Dollar Tree (NASDAQ:DLTR), which offers all products for under a dollar, said its third-quarter profit climbed 12% and surpassed Wall Street expectations on Thursday, as comparable sales continued to grow on year-earlier gains.
Discount retailers have seen heightened interest over the last few years as a slumped economy has hammered consumer sentiment and sent customers to cheaper stores. Like many others in the retail world, Dollar Tree has suffered under higher raw materials costs, however it has been able to partially offset that challenge through higher demand at its more established stores.
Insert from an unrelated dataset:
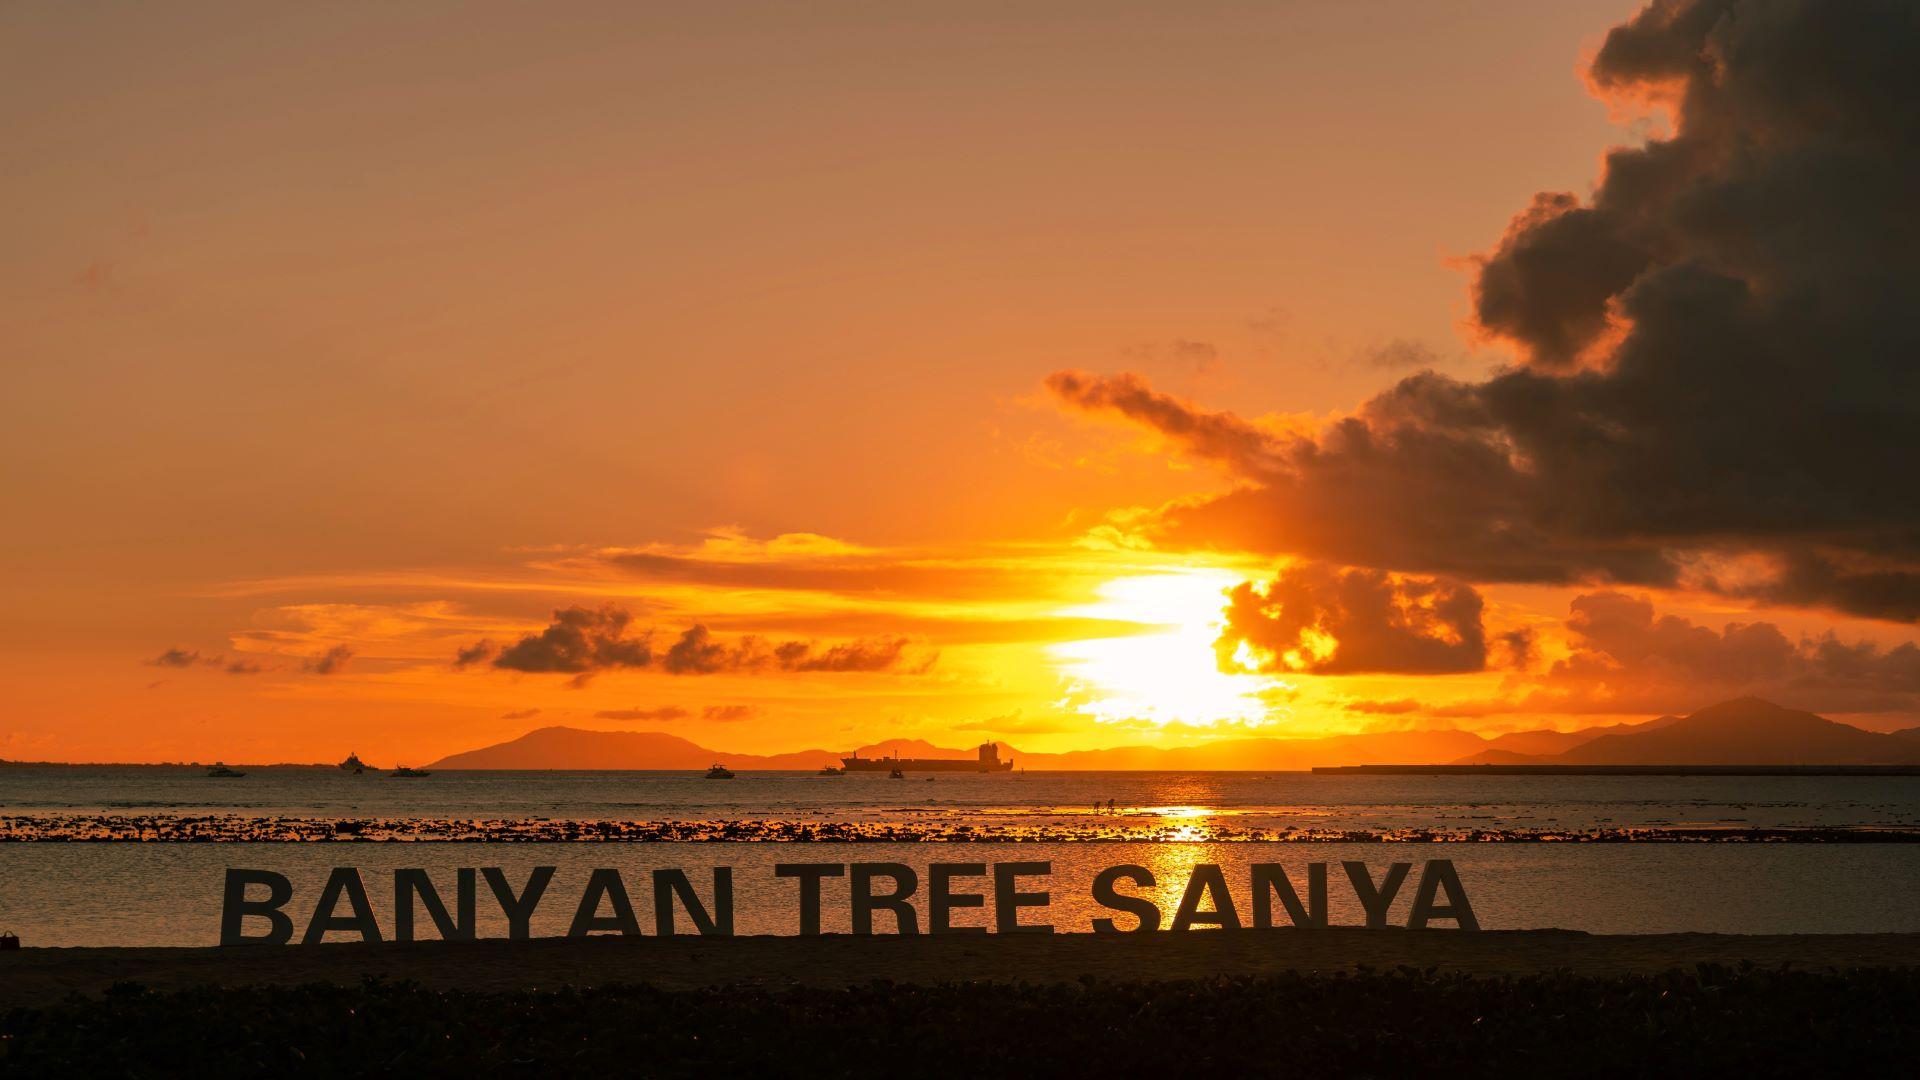 Banyan Tree China Sanya Gallery - Sunset

The Chesapeake, Va.-based discount variety store operator reported net income of $104.5 million, or 87 cents a share, compared with $93.2 million, or 73 cents a share, in the same quarter last year.
Analysts in a Thomson Reuters poll predicted, on average, earnings of just 83 cents.
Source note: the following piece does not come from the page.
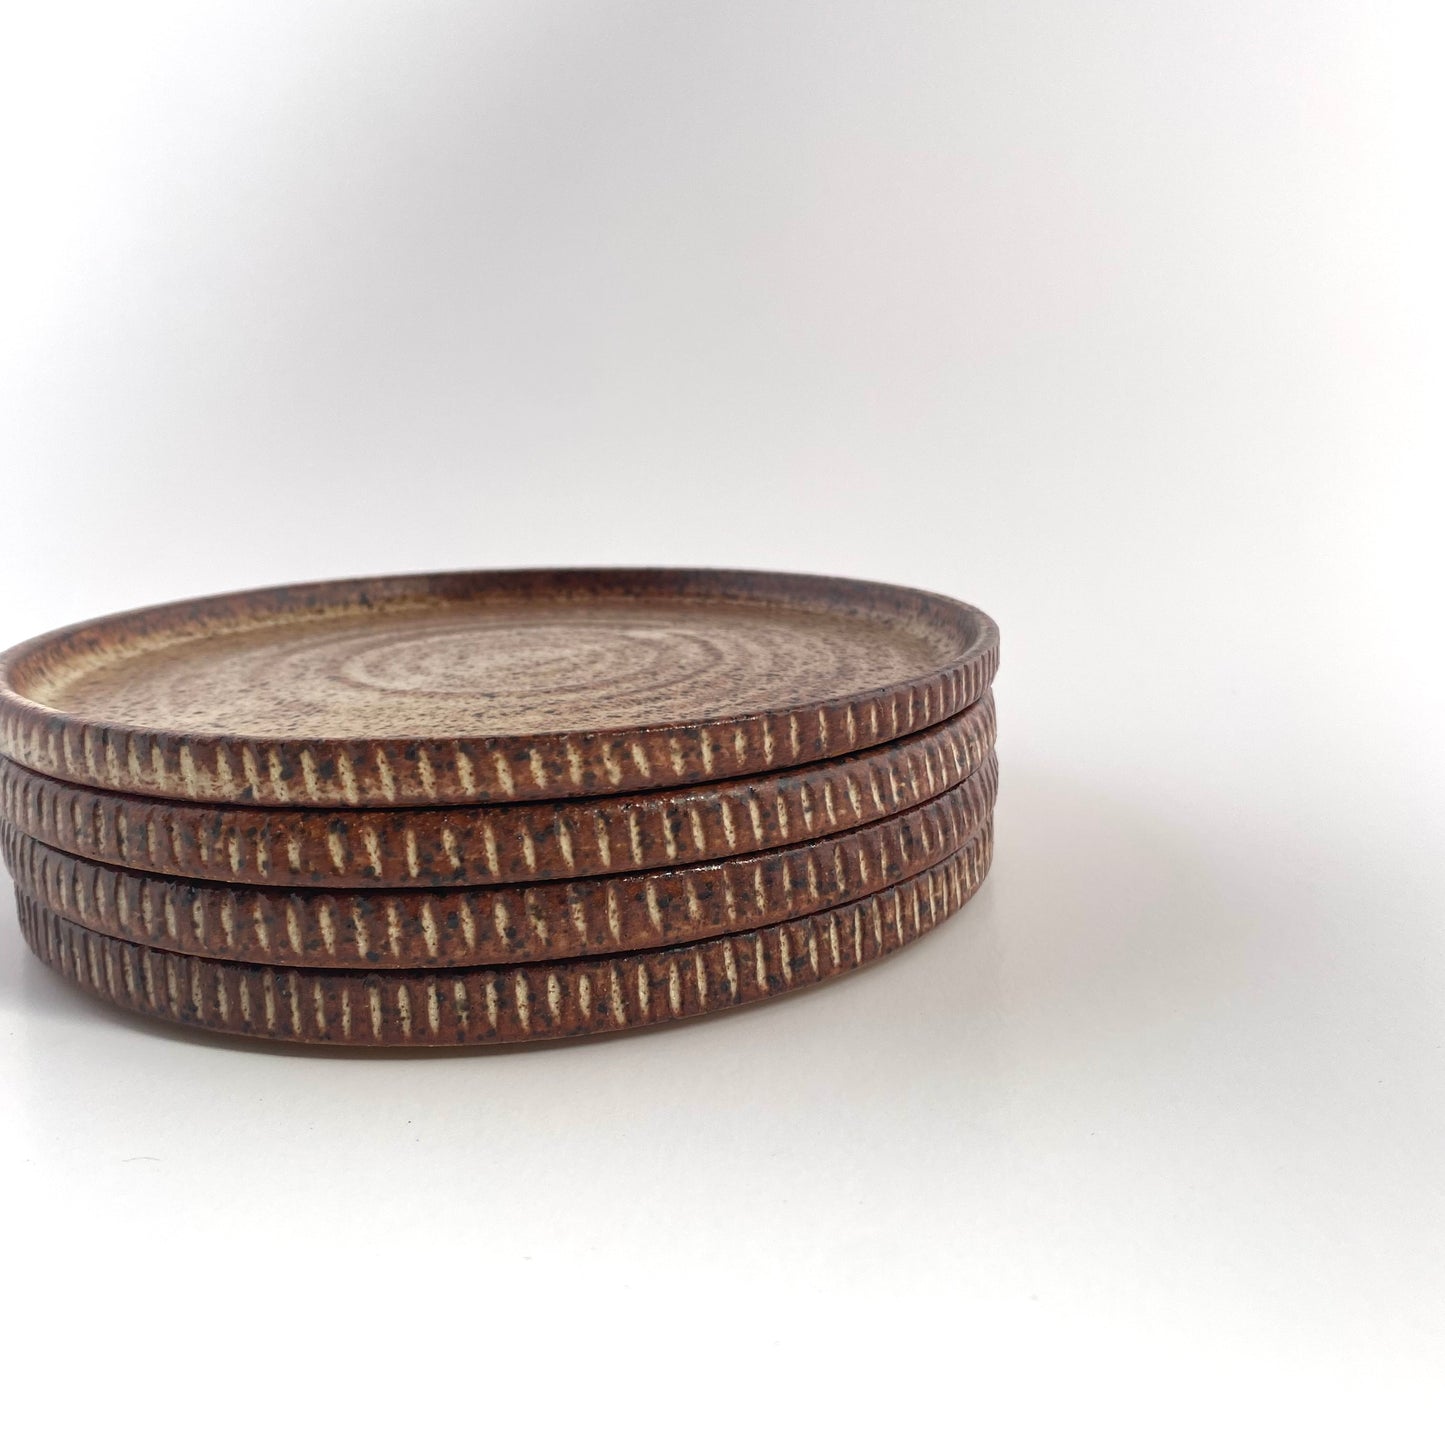 Coin Side Plate: Cinnamon

Revenue for the three months ended Oct. 29 was $1.6 billion, up 11.9% from $1.43 billion a year ago, narrowly beating the Street’s view of $1.58 billion. The results were led by a 4.8% increase in comparable sales, or those at stores open longer than a year, on top of an 8.7% gain last year.
“Dollar Tree achieved double-digit growth in sales, operating margin and earnings per share against a very strong performance last year,” the company’s CEO, Bob Sasser, said in a statement.
Looking ahead, the company predicts fourth-quarter sales in the range of $1.89 billion to $1.94 billion, based on low- to mid-single digit positive comparable sales, with earnings between $1.50 and $1.57 a share. Wall Street is looking for a profit of $1.54 a share on sales of $1.91 billion.
For the full-year, Dollar Tree sees sales between $6.57 billion and $6.62 billion on earnings in the range of $3.94 to $4.01 a share. Analysts have forecasted a profit of $3.95 a share on revenue of $6.58 billion.